Identify a Process for Project Delivery

Identifying high-level processes for delivering TPIMS prior to commencing project planning is an essential action for solidifying a purpose and need for TPIMS and showing how it may be achieved. TPIMS, being a system of multiple subsystems, closely follows the development practices associated with ITS project implementation. FHWA recommends designing and deploying such systems using the systems engineering approach that was introduced in Chapter 1 (FHWA 2007).

As discussed in Chapter 1, the systems engineering approach is a structured process for defining the problem, identifying needs and requirements, and ultimately implementing a system that meets user needs. This approach must be followed when using federal funds for ITS project development, such as the deployment of a TPIMS (23 CFR §940). The V-diagram, shown in Figure 1 and commonly used in the ITS community as a systems engineering approach, outlines considerations that must be considered throughout the lifecycle of TPIMS.

However, it is important to note that the processes outlined in the V-diagram closely follow the traditional public-sector model for ITS project delivery. In reality, TPIMS is both a public-sector and private-sector venture. Private-sector deployment groups may have different motivations for TPIMS and follow different processes for project development.

Identify Funding Opportunities

While funding is often dealt with in planning phases, funding opportunities can be identified in advance. This subsection provides insights—gained through research on TPIMS deployments in the United States—on what funding programs were used by other agencies that implemented TPIMS programs.

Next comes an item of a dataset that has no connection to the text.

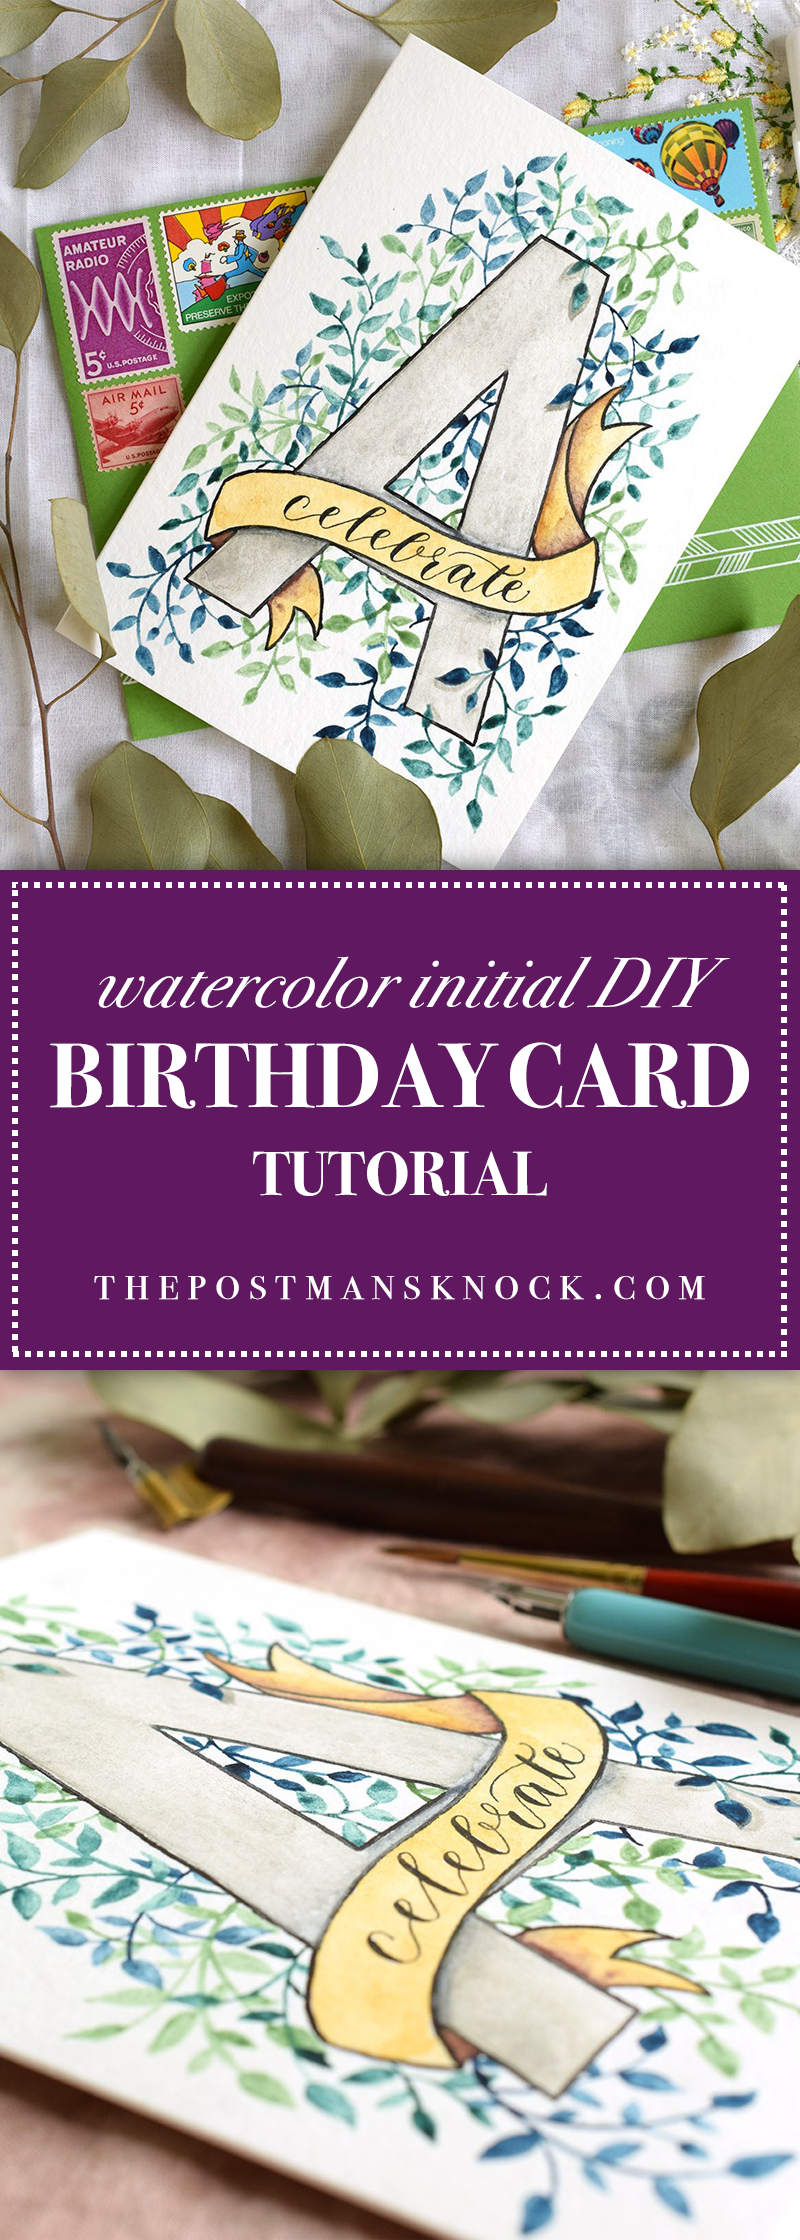 Watercolor Initial DIY Birthday Card Tutorial | The ...

Depending on the funding resources available, this could provide an opportunity to tailor the purpose and need statement to increase the eligibility of a TPIMS program for certain types of funding.

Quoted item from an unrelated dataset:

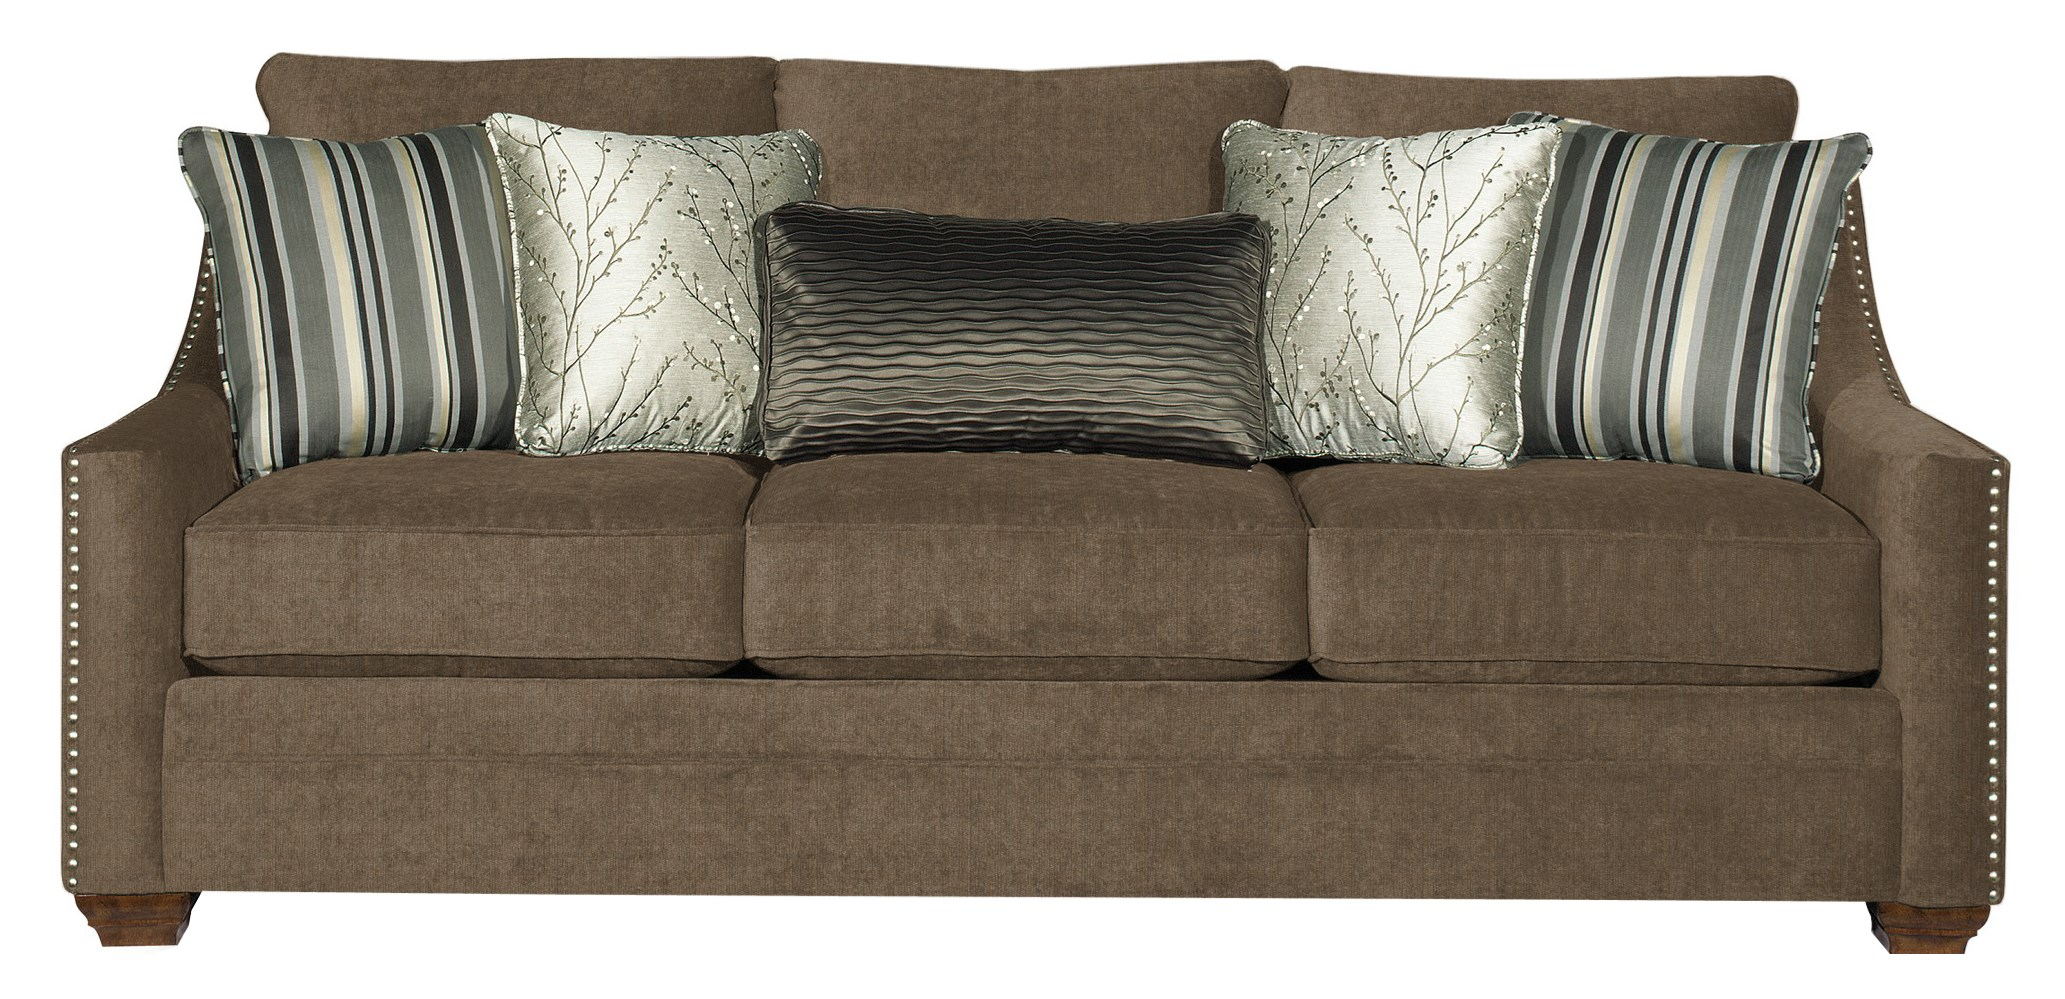 Craftmaster 7335 Sofa - Item Number: 733550-LOADED-09

Table 2. TPIMS deployments and funding sources.

Source: National Coalition on Truck Parking 2018

Many TPIMS programs were funded through freight-related federal programs, while others were funded as part of technology grant programs and safety research. Table 2 lists several TPIMS deployments and their funding resources.

Federal grant programs often require some percentage of non-Federal funding match, e.g., from states or others. The required efforts to document benefits will also vary depending on the specific grant purpose and requirements. For example, TIGER grant funding was focused on economic development (FHWA 2016), while ATCMTD grants are focused on mobility and safety benefits along with lessons learned (FHWA 2016).